Über den Lulab (Palmbusch), Etrog (Paradiesapfel), den Hadaß (Myrthe) und die Arbe Nachal (Bachweide).
Der Lulab muß der Art sein, dass alle Blätter desselben den mittleren Stamm bedecken, er darf nicht dürr, sondern soll frisch, grün, nicht gespalten oder krumm, glatt und ohne Flecken sein u.s.w.

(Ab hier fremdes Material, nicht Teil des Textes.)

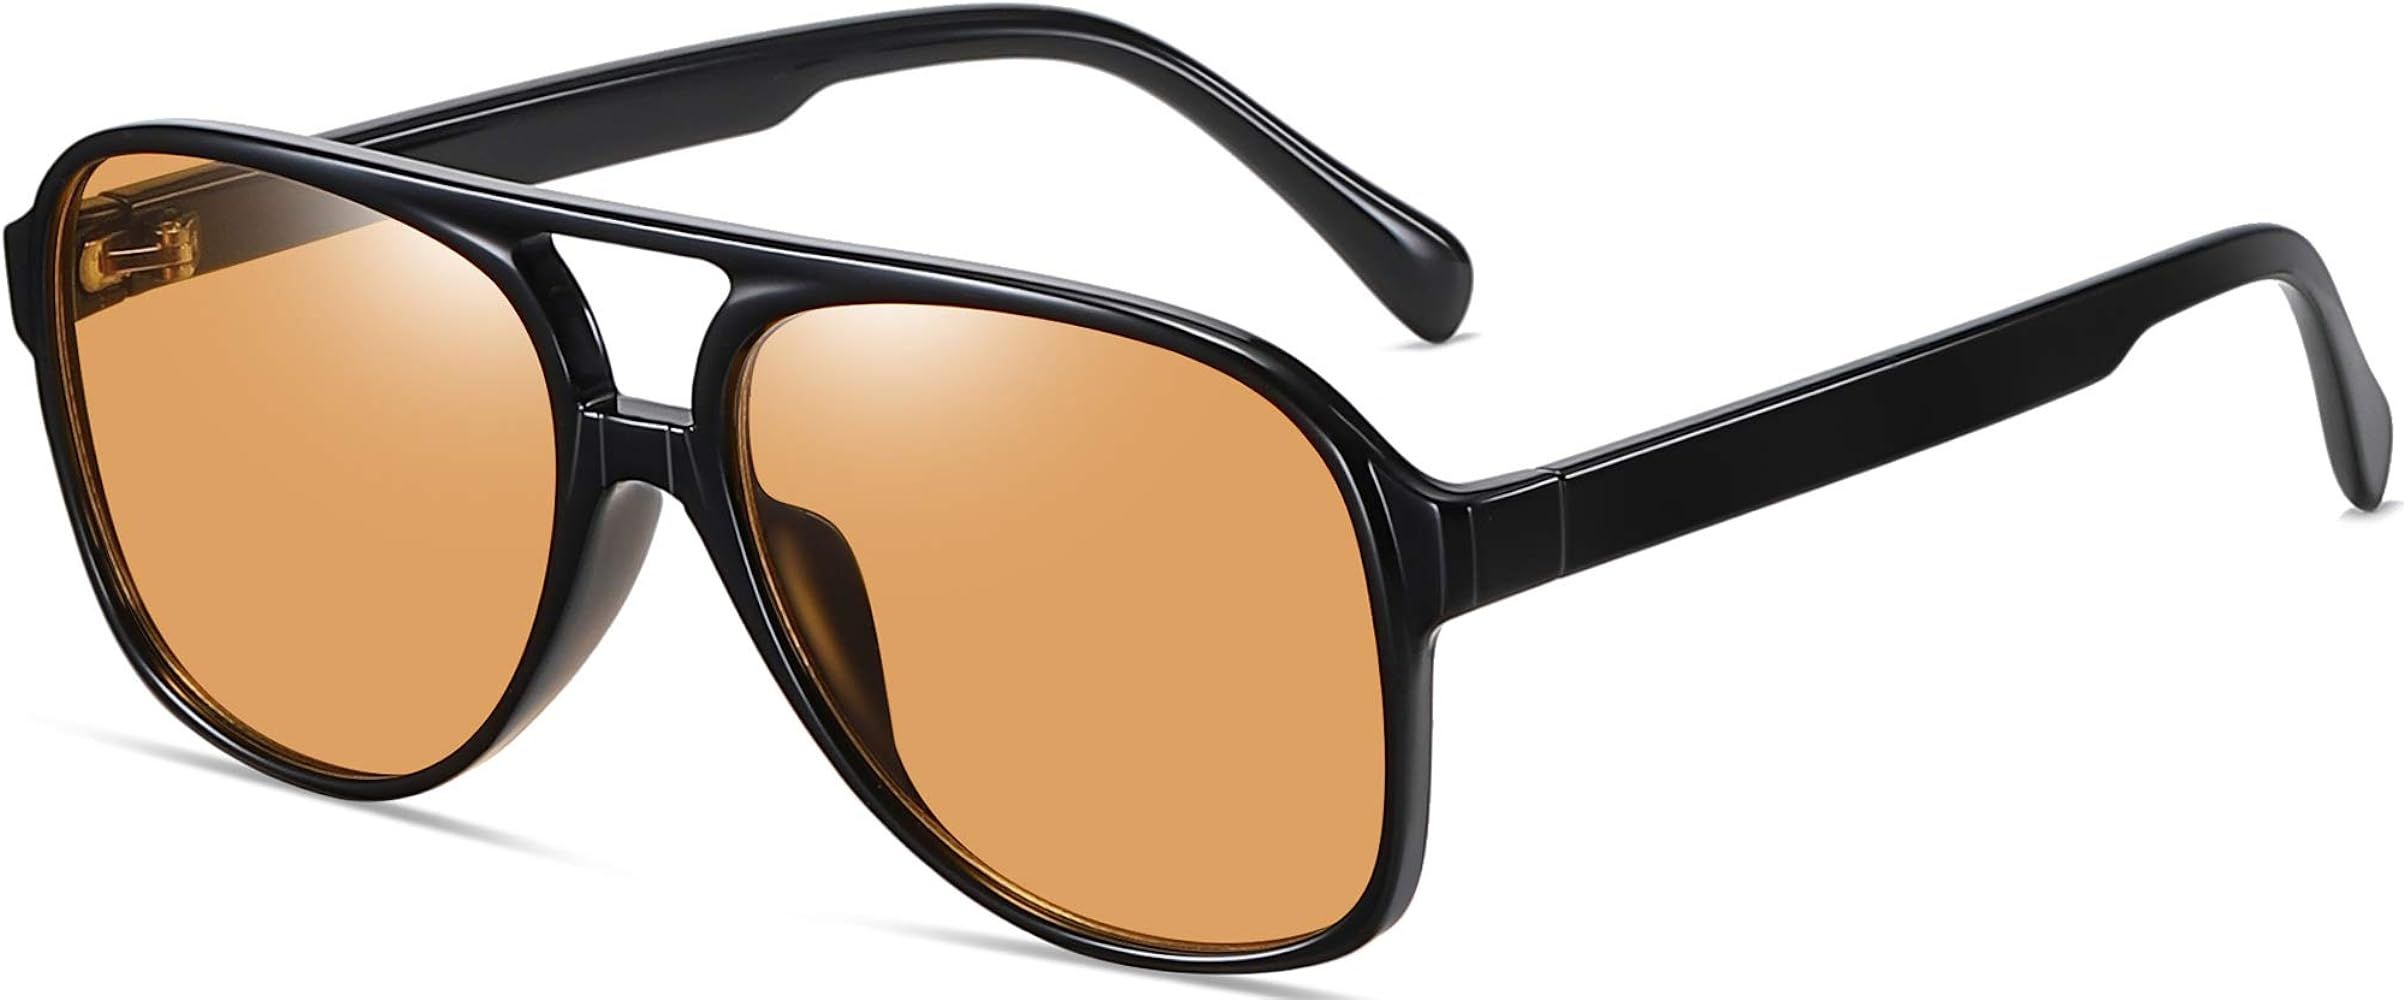 AOMASTE Polarized Aviator Sunglasses for Women Men UV Protection Shades Retro Style Large Frame | Amazon (US)

Der Etrog darf nicht schwarz, fleckig, sondern soll länglich rund, gelbgrün und nicht kleiner als ein Ei sein; er darf auch kein Loch haben, und noch weniger faul sein (Der Etrog sieht aus wie eine Zitrone, aber er ist nicht glatt wie diese, sondern knubberig und ist manchmal zwei-, dreimal so groß, er kommt, so wie der Lulab, meist aus Italien; auf den Etrog verwende man viel Geld, um ihn recht schön zu haben, man vertauscht ihn nicht selten gegen einen noch schöneren und man gibt manchmal 1 bis 2 Ducaten dafür. Pri Ez Hadar, Frucht eines schönen Baumes, 3. B. M. 23,40 haben die Talmudisten den Etrog gemacht).
Die Hadassin müssen frisch und grün, die Spitzen der Blätter nicht abgebrochen, die Zweige, deren drei sein müssen, müssen dreiblättrig und diese drei Blätter müssen immer zusammen, eines gegen das andere über sich befinden, nicht ein Blatt höher oder niedriger als das andere sein. Die Blätter sollen immer das Holz bedecken (siehe unten). Zweiblättrige Myrthen sind zur Not giltig, aber auch sie müssen, wenigstens diese zwei Blätter, immer gegeneinander stehen (aus den Wörtern Anaph ez aboth (einen Ast von dem dichtbelaubten Baume) haben die Talmudisten die Myrthe gemacht).
Die Arba Nachal, von welchen zwei Zweige erforderlich sind, dürfen die Spitze nicht abgebrochen, sie müssen frisch und die Blätter derselben dürfen nicht abgefallen sein.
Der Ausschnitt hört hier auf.